Damals war Mass selbst in Spa dabei, als Bellof starb. Er überbrachte dessen Freundin die Todesnachricht. "Ich dachte, das kann doch nicht sein, schon wieder ein Deutscher. Nach Winkelhock jetzt er. Es hat mich zutiefst berührt, wie da ein Junge so unglücklich verunglückte", sagt Mass.

Bellof standen seinerzeit alle Türen offen.

Ein Jahr zuvor hatte er in der Sportwagen-Klasse als erster Deutscher einen WM-Titel auf der Rundstrecke gewonnen. Er fuhr in seinem Porsche die bis heute schnellste Runde auf der Nürburgring-Nordschleife.

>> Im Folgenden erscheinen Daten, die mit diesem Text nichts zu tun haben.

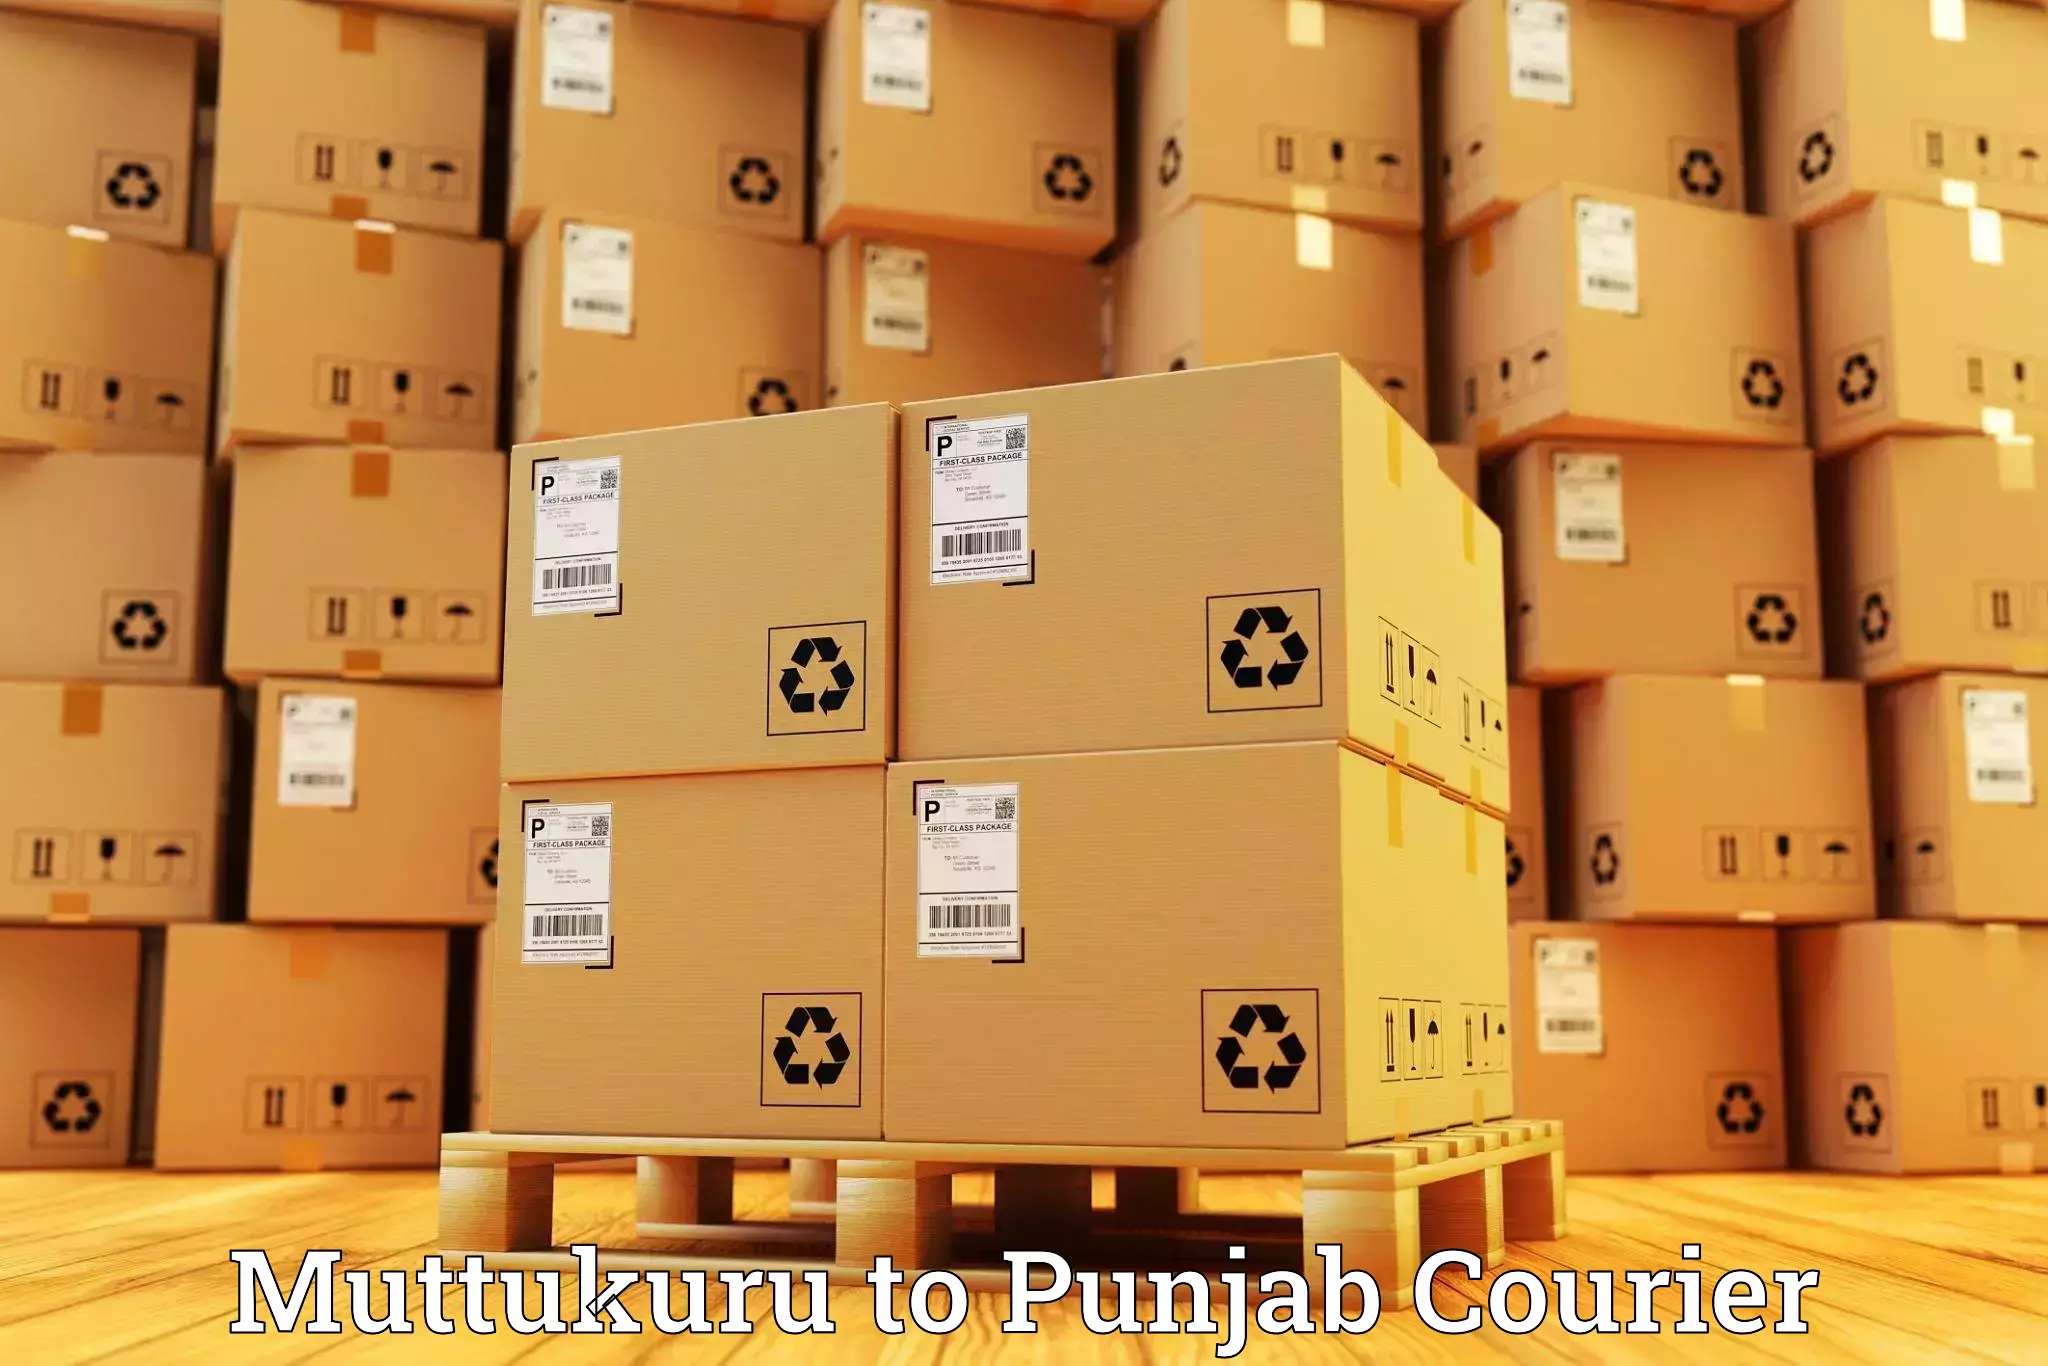 Global shipping solutions Muttukuru to Ajnala

Angeblich Vertrag mit Ferrari

Und in der Formel 1 hatte er keine drei Monate zuvor im Regen von Monaco im unterlegenen Tyrrell die komplette Königsklasse begeistert und ohne vorzeitigen Rennabbruch das Rennen wahrscheinlich sogar gewonnen. Einen Vertrag mit Ferrari hatte er angeblich schon in der Tasche.

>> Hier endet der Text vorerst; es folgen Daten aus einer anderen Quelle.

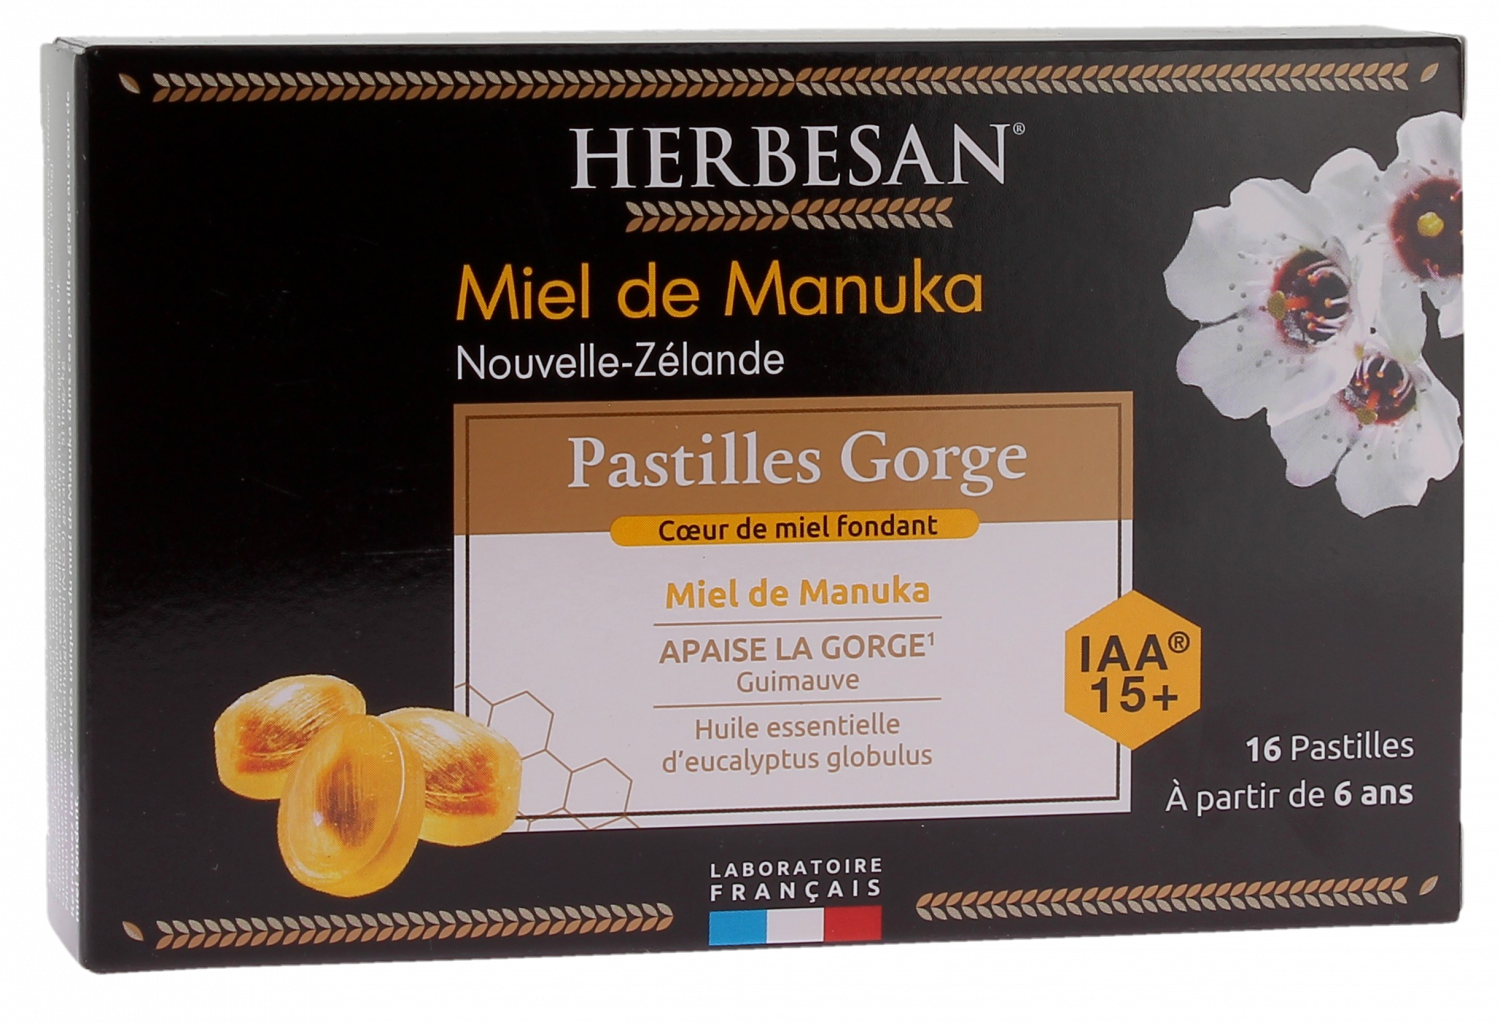 Pastilles gorge miel de manuka Herbesan - boite de 16 pastilles

"Das Zeug zum Weltmeister hatte er, ganz klar. Voraussetzung wäre gewesen, dass er in ein gutes Team kommt", sagte Mass, der später auch den jungen Schumacher als Teamkollegen erlebte und die beiden daher gut vergleichen kann. "Ob er ein Schumacher geworden wäre? Auf jeden Fall war er ein Bellof, der seinen eigenen Weg gegangen ist."

Beide seien schnell gewesen, erinnert sich Mass. "Michael nahm aber Risiken ernst, die Stefan ausblendete", sagte er.

"Gewisse jugendliche Arroganz"

Wie beim verhängnisvollen Unfall in Spa, als der in Gießen geborene Bellof seinen erfahrenen Teamkollegen Jacky Ickx, den er im Jahr zuvor als Weltmeister entthront hatte, ausgerechnet in einer der gefährlichsten Kurven der Welt überholen wollte.

"Stefan war durchaus beseelt von einer gewissen jugendlichen Arroganz. Aber die brauchen junge Rennfahrer auch", sagte Mass. Bellof hatte angeblich gesagt, um Altstar Ickx könne man schon Kreise fahren.

Ickx: Glatter Selbstmord

Und anscheinend wollte er ihm dies genau in der Eau Rouge beweisen. "Es war ein viel zu optimistisches Manöver und an dieser Stelle auch riskant. Jacky Ickx kann man keinen Vorwurf machen. Der Unfall ging schon auf Stefans Kappe, leider", sagt Mass.

Man müsse die wilden Jahre auch überleben, sagte der frühere Formel-1-Pilot Mass: "Dazu gehört es, den Umgang mit dem Risiko zu lernen. Wer das nicht einsieht, läuft Gefahr, für den Rennsport den größtmöglichen Preis zu bezahlen, wie es dann beim Stefan war."

Ickx bezeichnete das Manöver später als glatten Selbstmord. "Er hätte mich 20 Meter weiter locker überholen können", sagte der sechsmalige Le-Mans-Sieger aus Belgien, der den Unfall mit Nackenschmerzen und einem gequetschten Finger überstand.

"Da kann man nicht überholen"

Der dreimalige Formel-1-Weltmeister Niki Lauda hielt Bellof damals für das "größte Talent im deutschen Rennsport". Und der Schotte Jackie Stewart, ebenfalls dreimal Champion in der Königsklasse, sah in ihm den "kommenden Weltmeister".

Als Lauda davon hörte, dass Bellof versucht habe, Ickx in der Eau Rouge zu überholen, sei er tief schockiert gewesen: "Das war ein fataler Fehler, denn da kann man nicht überholen."